DATA SEGMENT Block Start

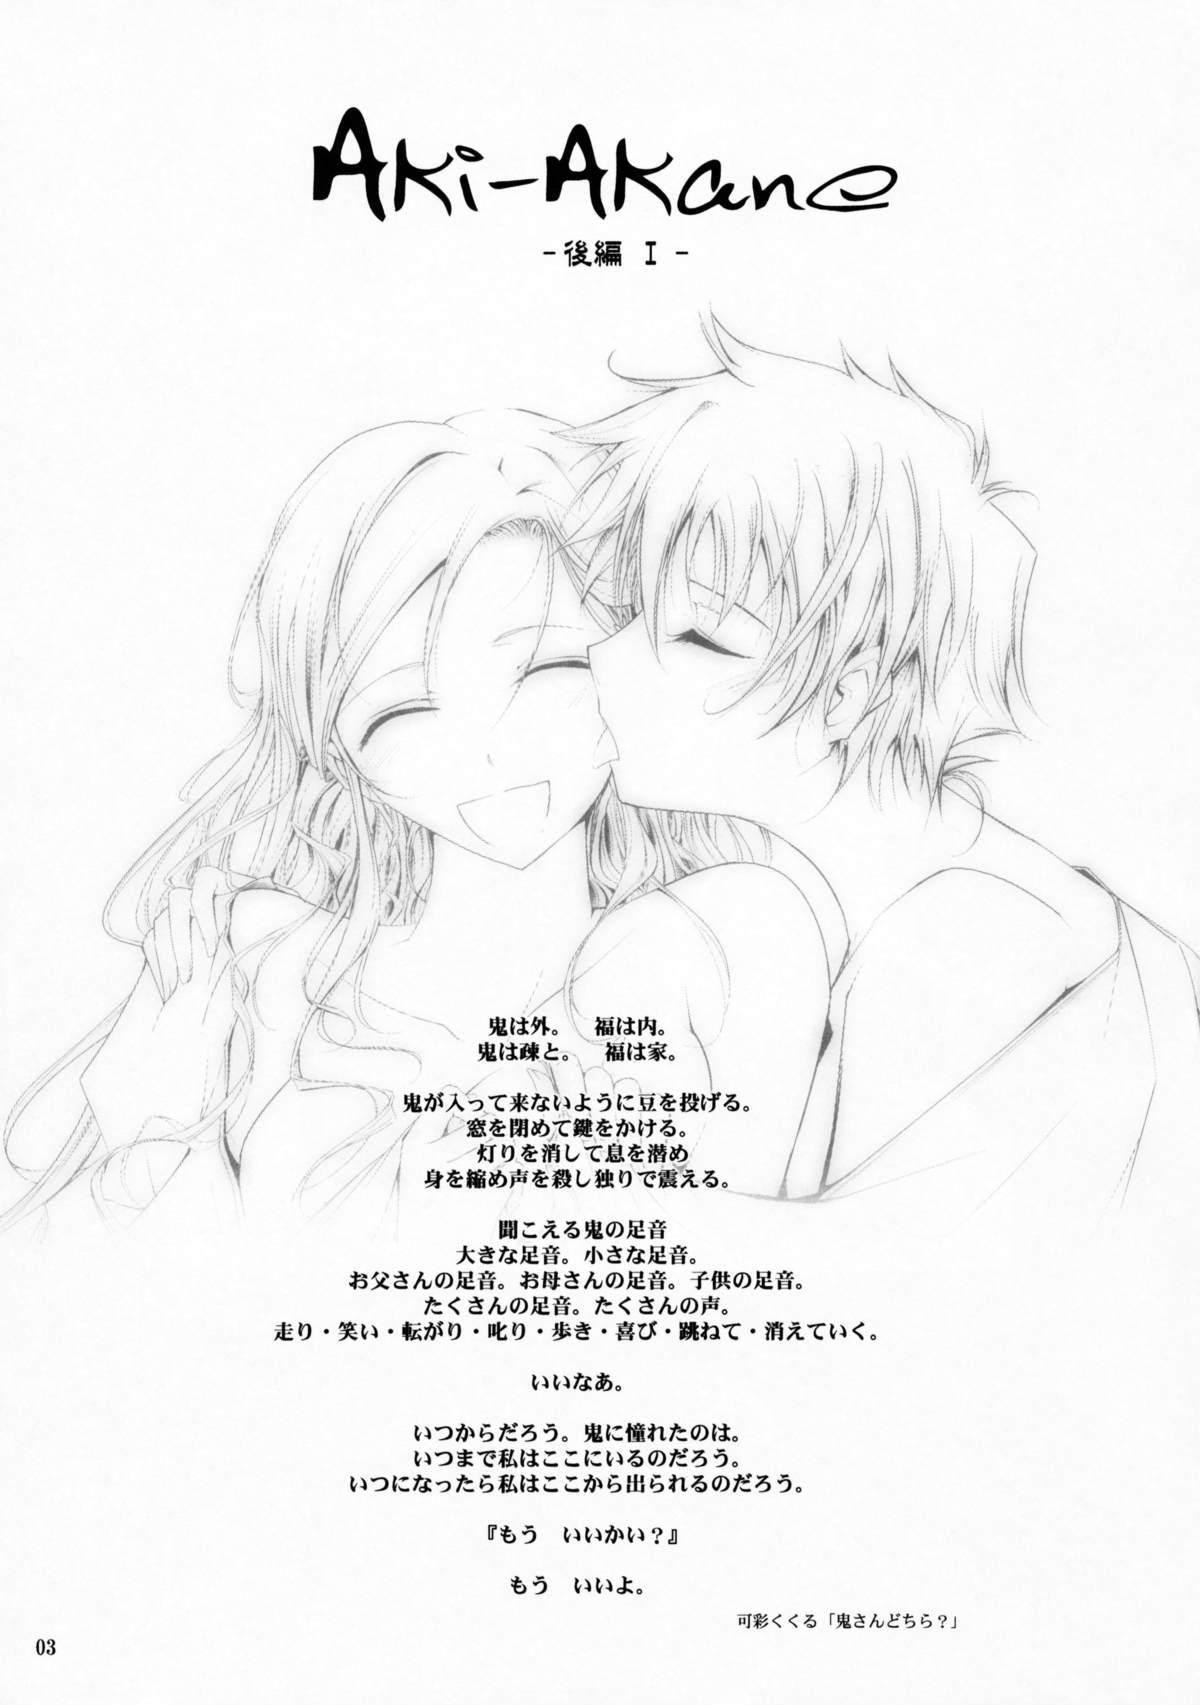 (C75) [Garyuh Chitai (TANA)] Aki-Akane -Kouhen 1- (Bleach) 1
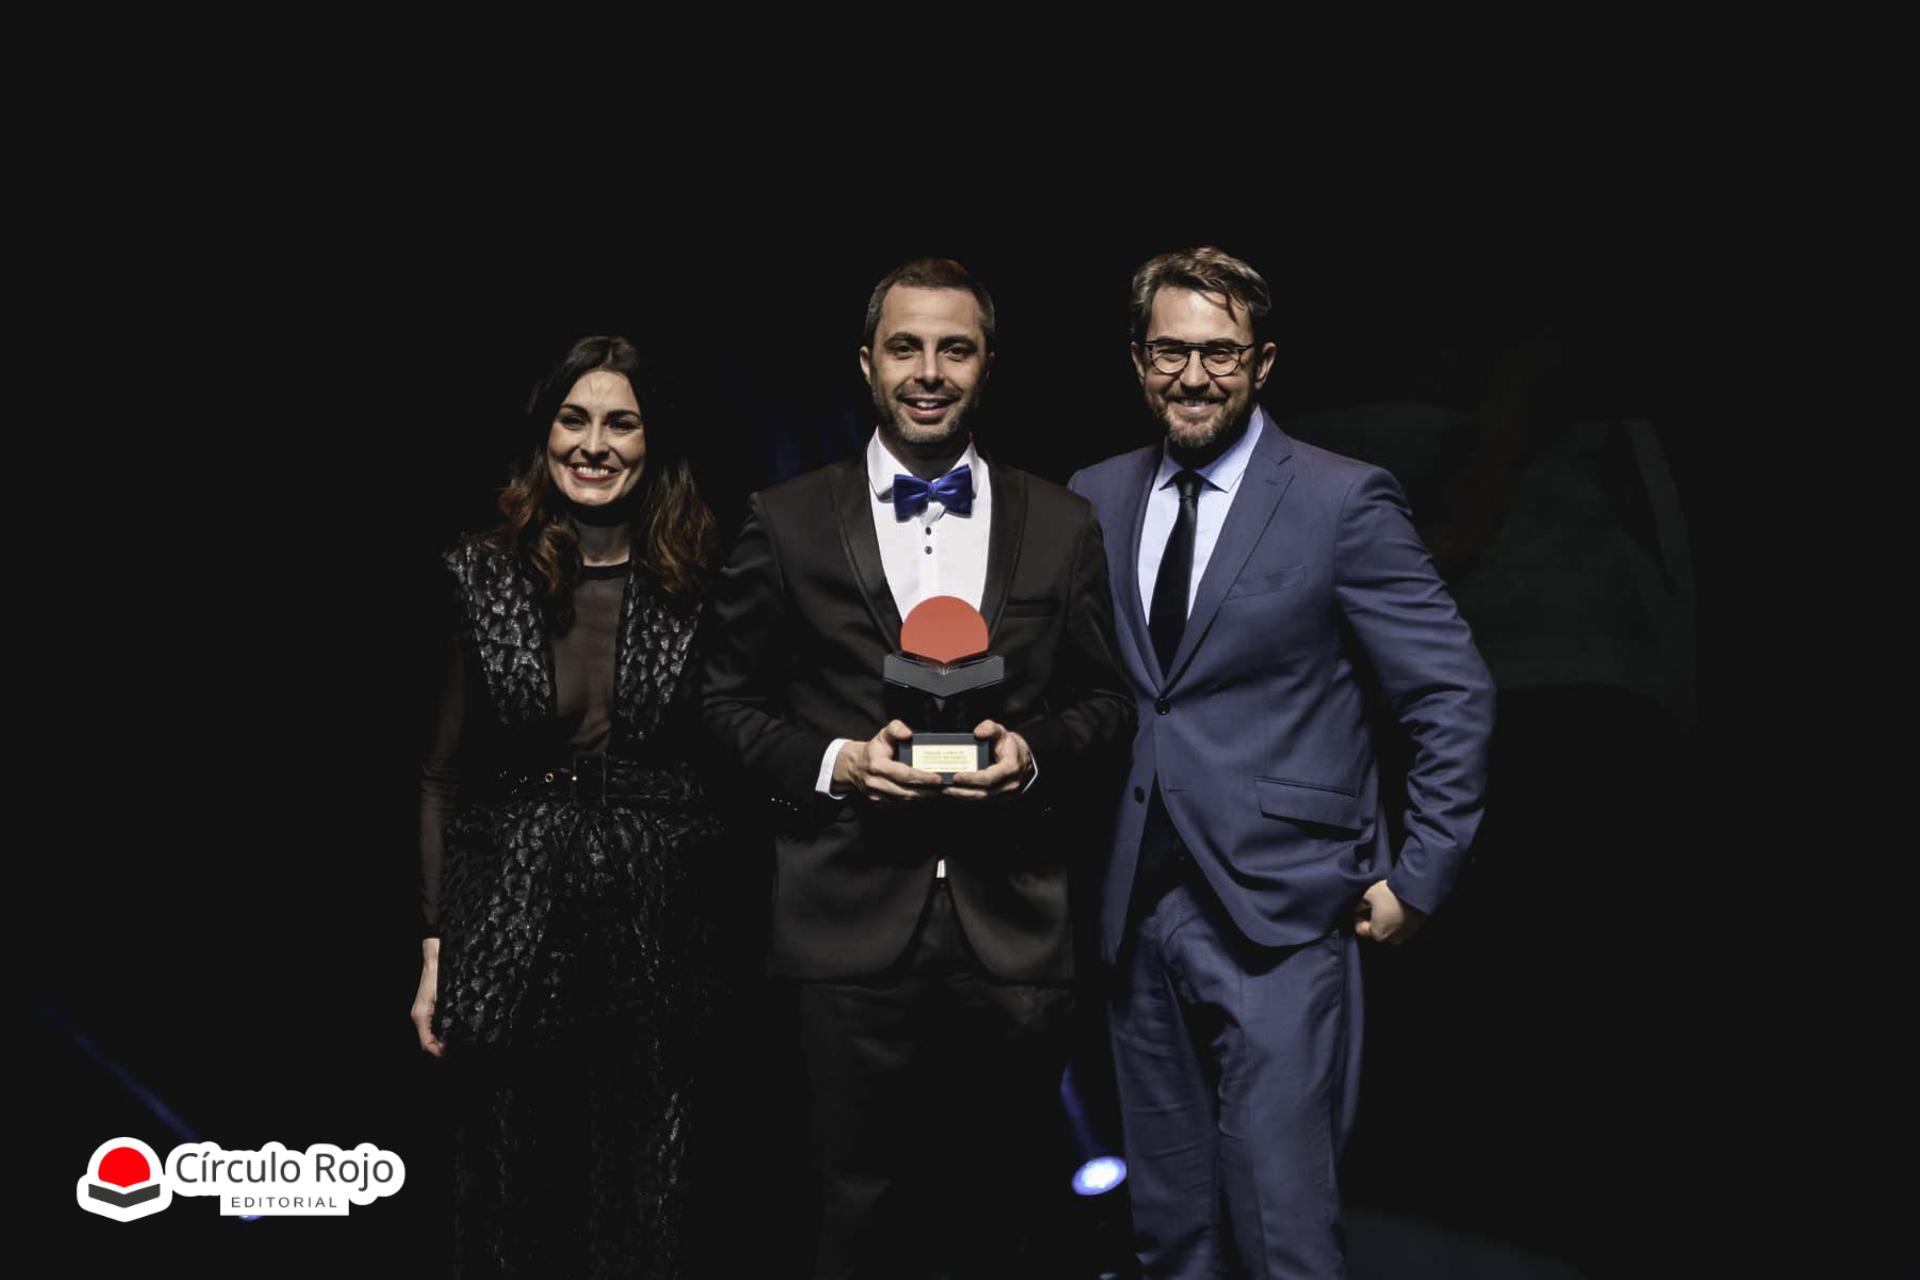 Entrevista a ganadores de los Premios Círculo Rojo 2019: asomados al vacío
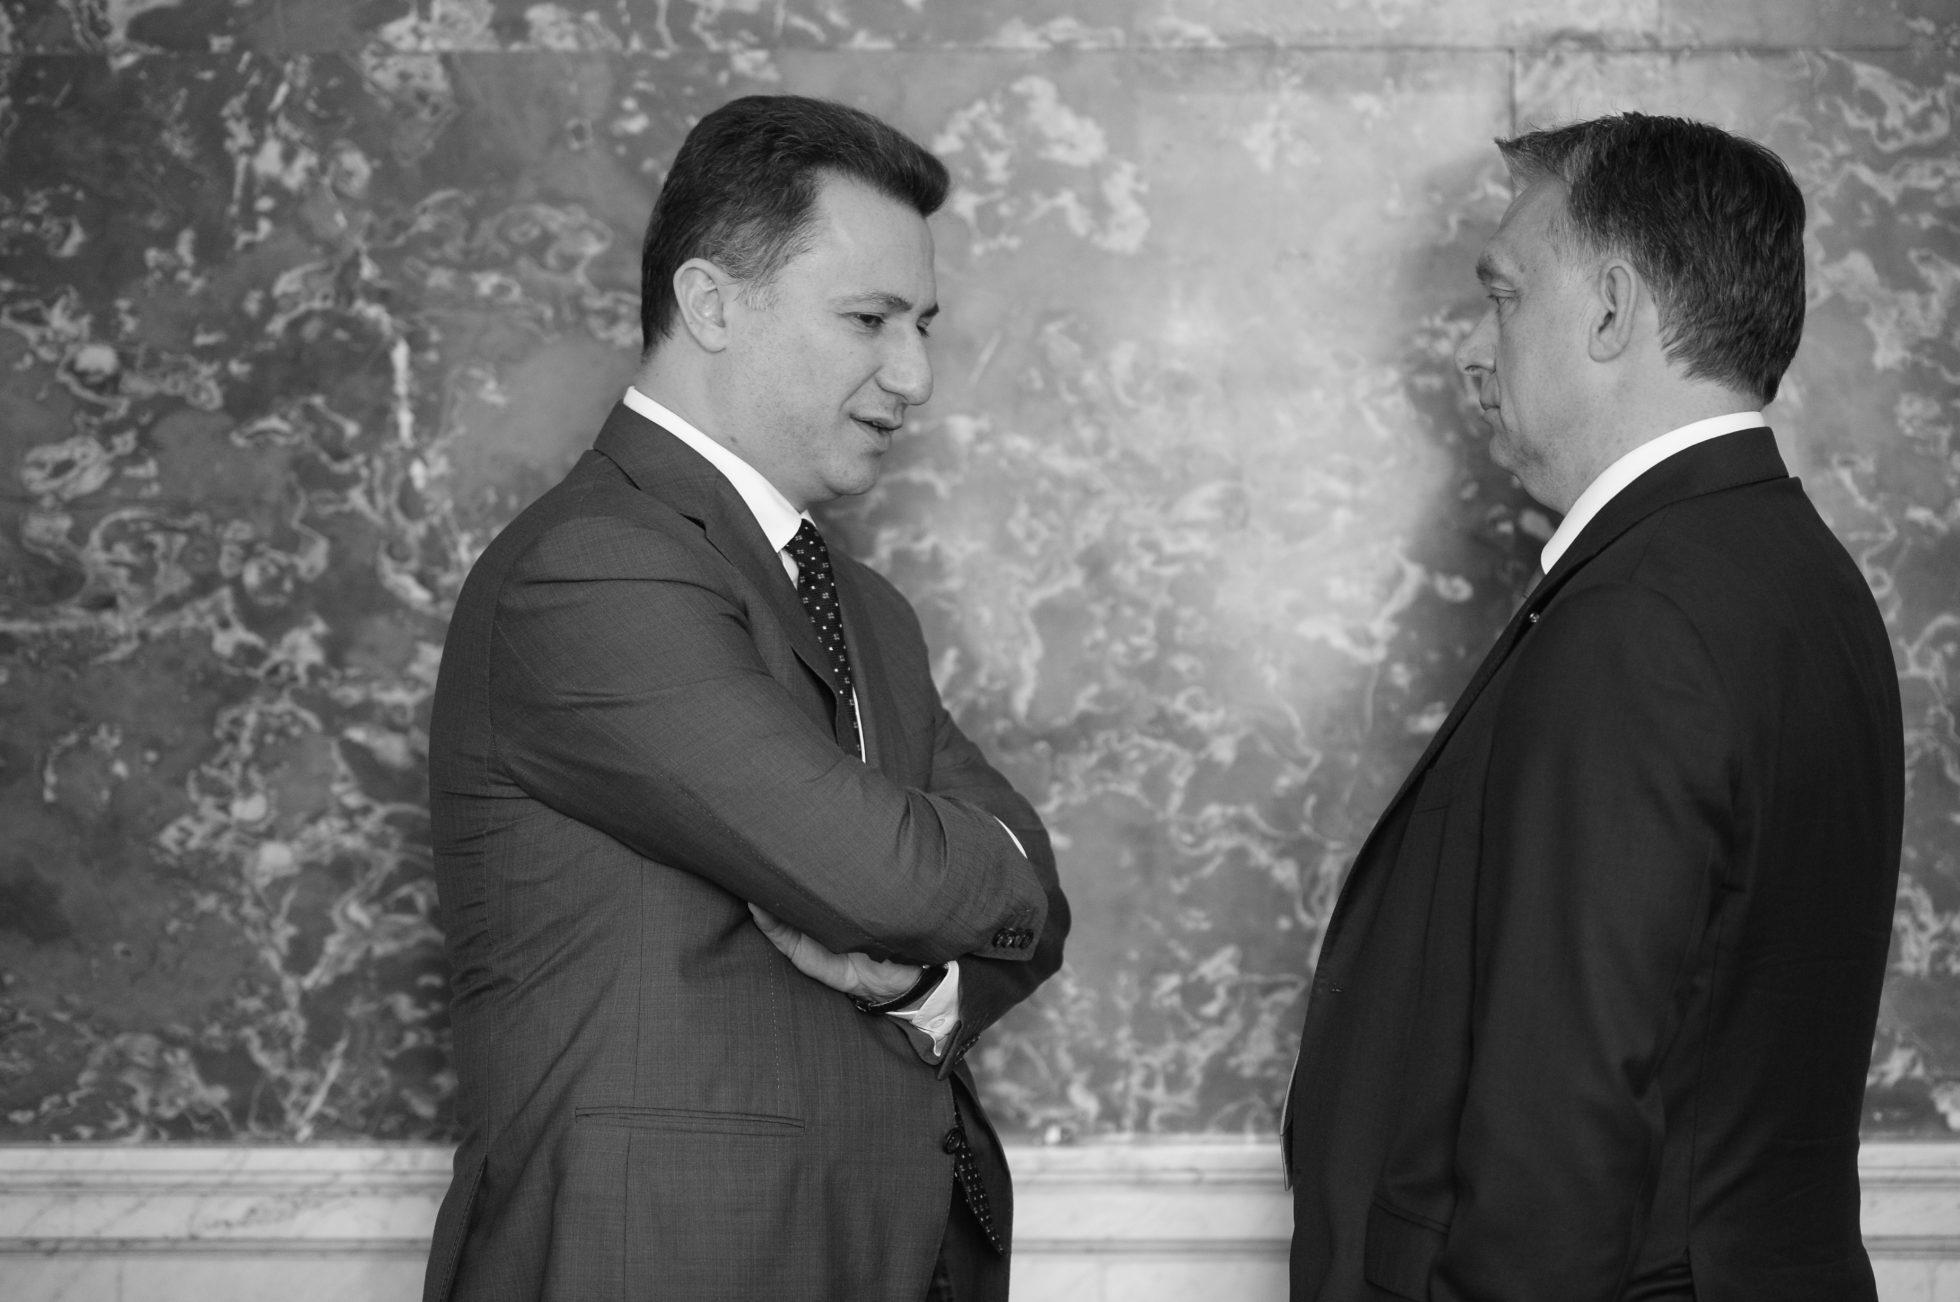 Život makedonského expremiéra odsouzeného za korupci: V Maďarsku může k volbám, schází se také s vládními představiteli

DATA SEGMENT Block End

▶ _WHAT THE TASK ASKS_
Omitting the pictures, write out the material above exactly as it stands.

▶ _ANSWER FOR THE TASK_
 (C75) [Garyuh Chitai (TANA)] Aki-Akane -Kouhen 1- (Bleach) 1
 Entrevista a ganadores de los Premios Círculo Rojo 2019: asomados al vacío
 Život makedonského expremiéra odsouzeného za korupci: V Maďarsku může k volbám, schází se také s vládními představiteli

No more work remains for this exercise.